Скрипнув зубами, Ал с трудом выдавил:

— Спасибо, — а про себя подумал: "Как только распрощаемся, я ее в клочья раздеру!"

— Молодой человек, у вас огромный талант, — отметил Ноа. — Может, лучше использовать его по назначению и податься в торговлю?

— А зачем, если все и так хорошо идет? — парнишка сощурился, и его лицо потеряло былую добродушность. — Или вы хотите сказать, что раз мои картины не такие, как ваши, то и гроша ломанного не должны стоить? Я считаю, настоящий художник — это человек, который пишет то, что можно продать.

Если бы Ноа не придержал Ала за плечо, он бы точно распустил кулаки. И вечером, неся под мышкой стопку непроданных картин, он успокаивал мальчика:

— Но ведь и я прежде неплохо зарабатывал, бывали в моей жизни сытные месяцы, даже годы. Просто сейчас такое время, надо потерпеть.

— Сколько терпеть?

— Это тебе лишь духи могли бы ответить, но они теперь глубоко под землей и вряд ли услышат, — после недолгой паузы Ноа вдруг добавил. — Впрочем, кое-что мы все-таки можем попробовать, вреда не будет. Знаешь, я родился в далеком городке, окруженном полями. Тамошние крестьяне верили: чтобы урожай был хорошим, нужно приманить особенного духа, Зеленушку. Приманивали ее сладостями и теплым молоком, а потом заставляли скинуть башмачки и пробежаться босиком по полю, чтобы подрастающие побеги щекотали ей пятки.

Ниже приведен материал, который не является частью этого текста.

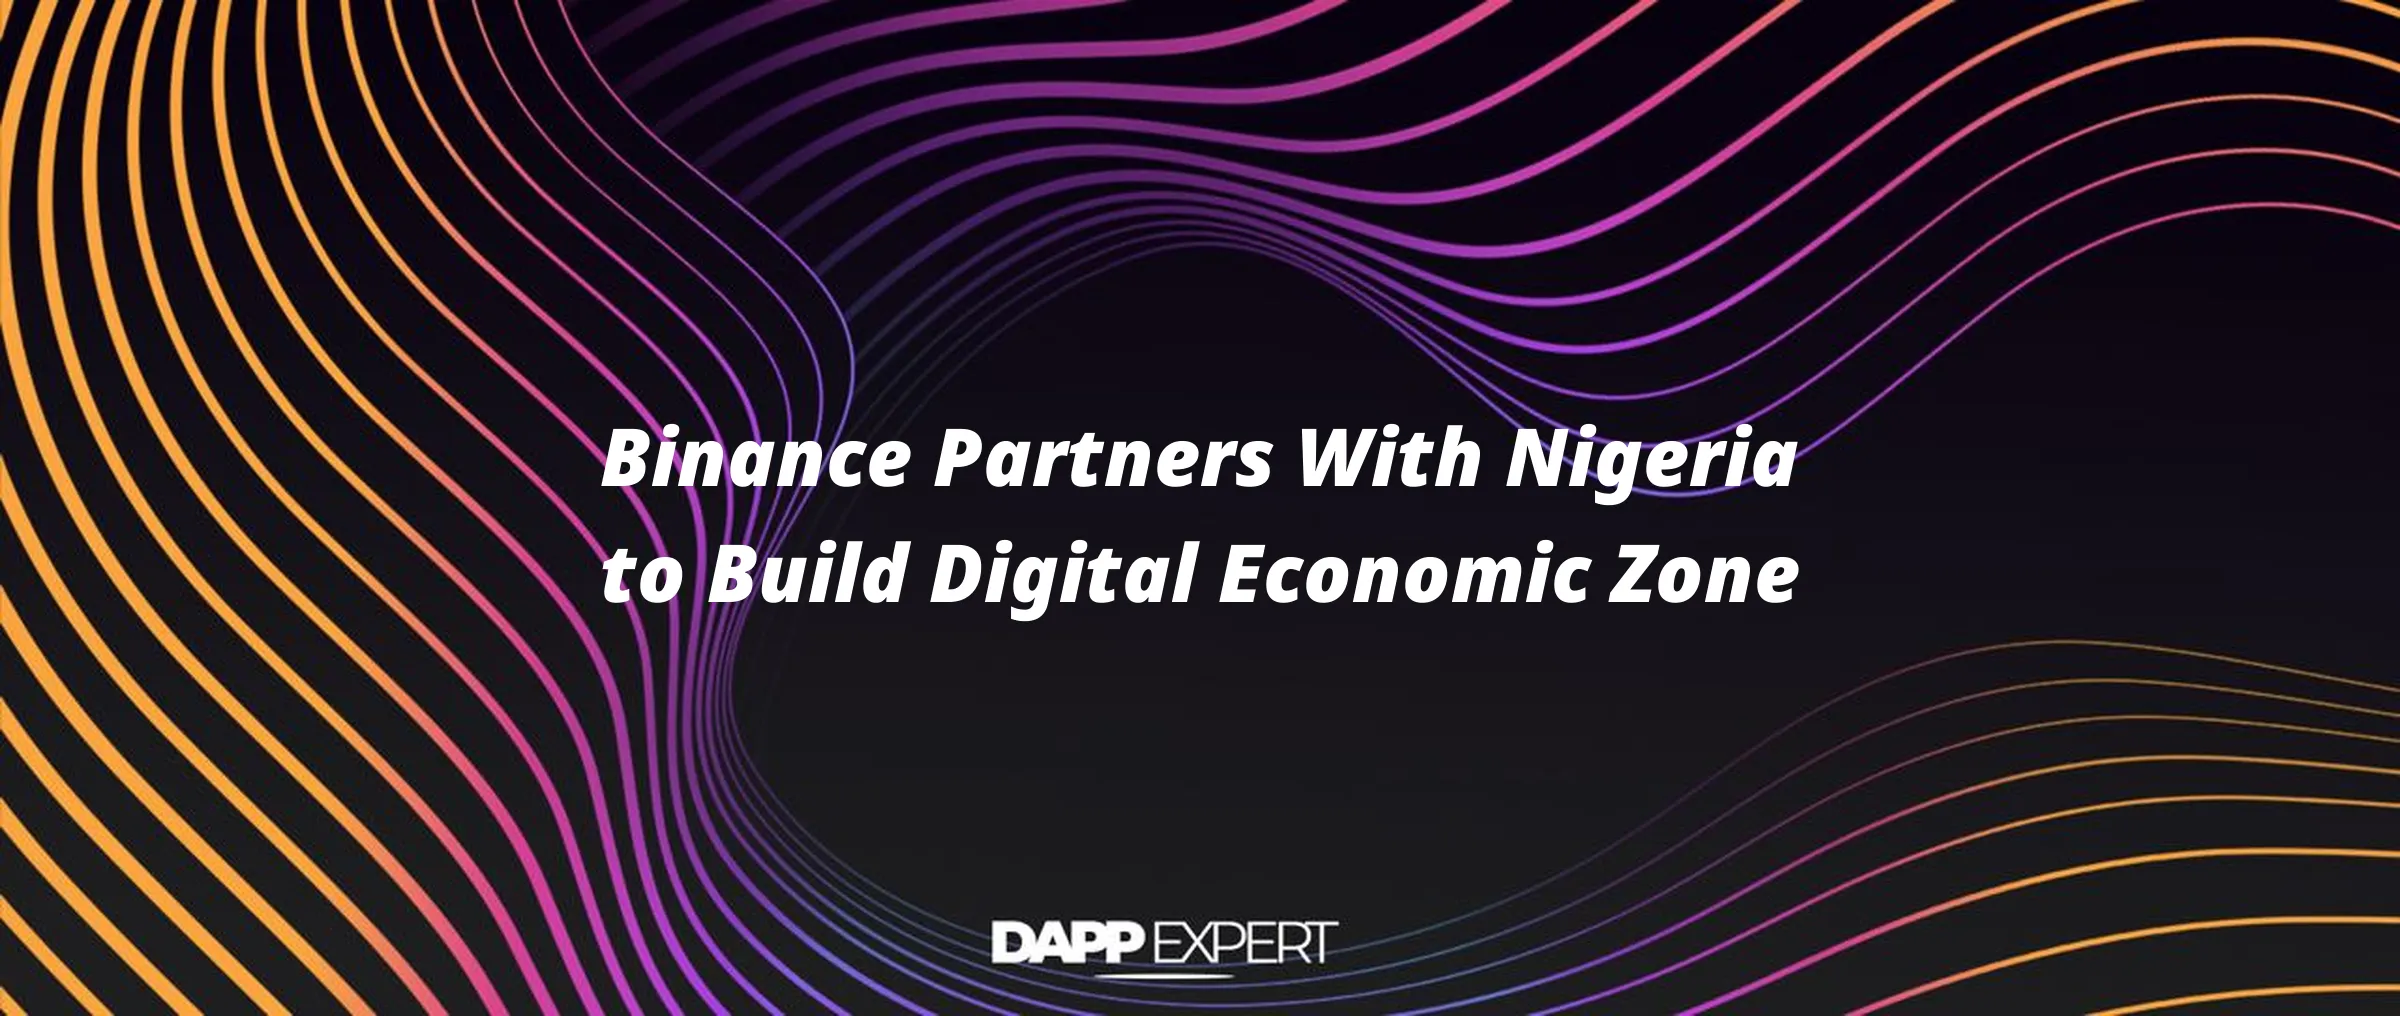 Binance Partners With Nigeria to Build Digital Economic Zone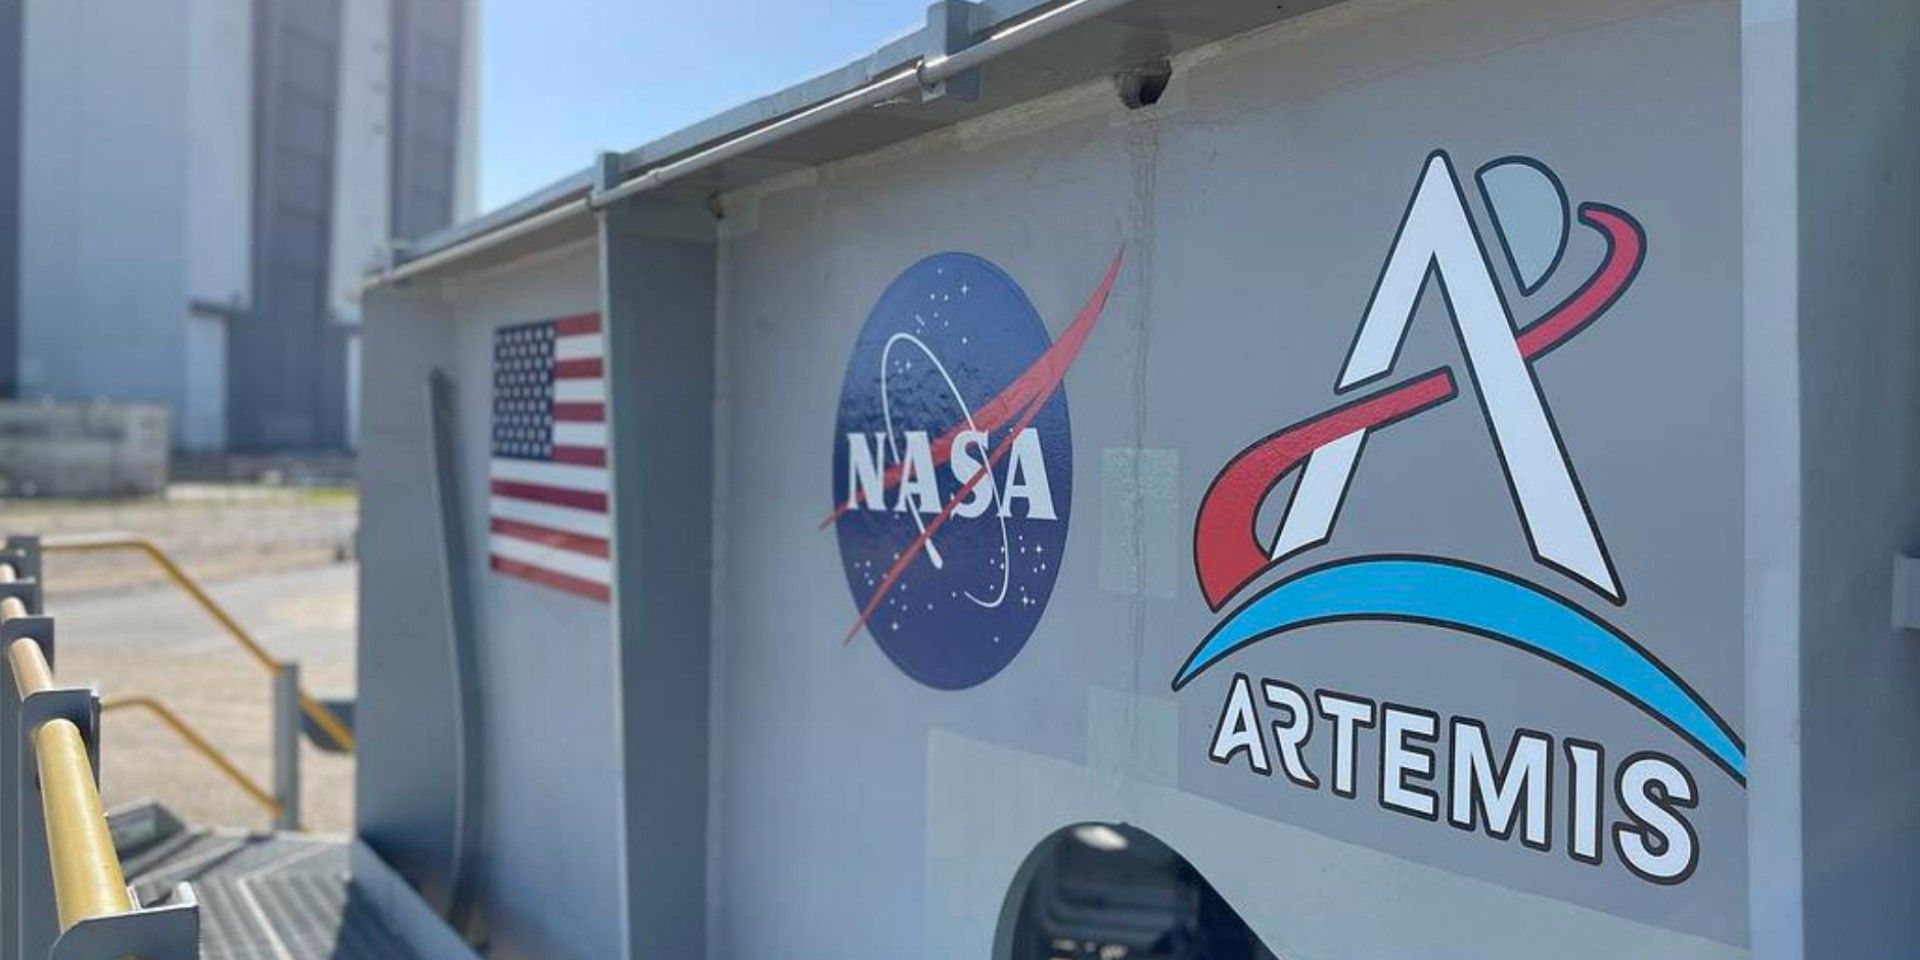 Artemis NASA

— И как же заставить ее скинуть башмачки? Она же съест сладости и уйдет! — удивился Ал. По крайней мере, он бы так и сделал.

— Для этого нужно постелить небольшой коврик, и на нем уже расположить блюдце с угощениями. Малышка-Зеленушка аккуратная и вежливая, она обязательно скинет обувку перед тем, как ступить на чистое. А еще она очень забывчива: вдоволь налакомившись, Зеленушка вскочит и побежит, позабыв про башмачки. Тогда-то стебельки будут щекотать ее пяточки, и Зеленушка заливисто, до слез засмеется. А слезы помогут урожаю поскорее созреть.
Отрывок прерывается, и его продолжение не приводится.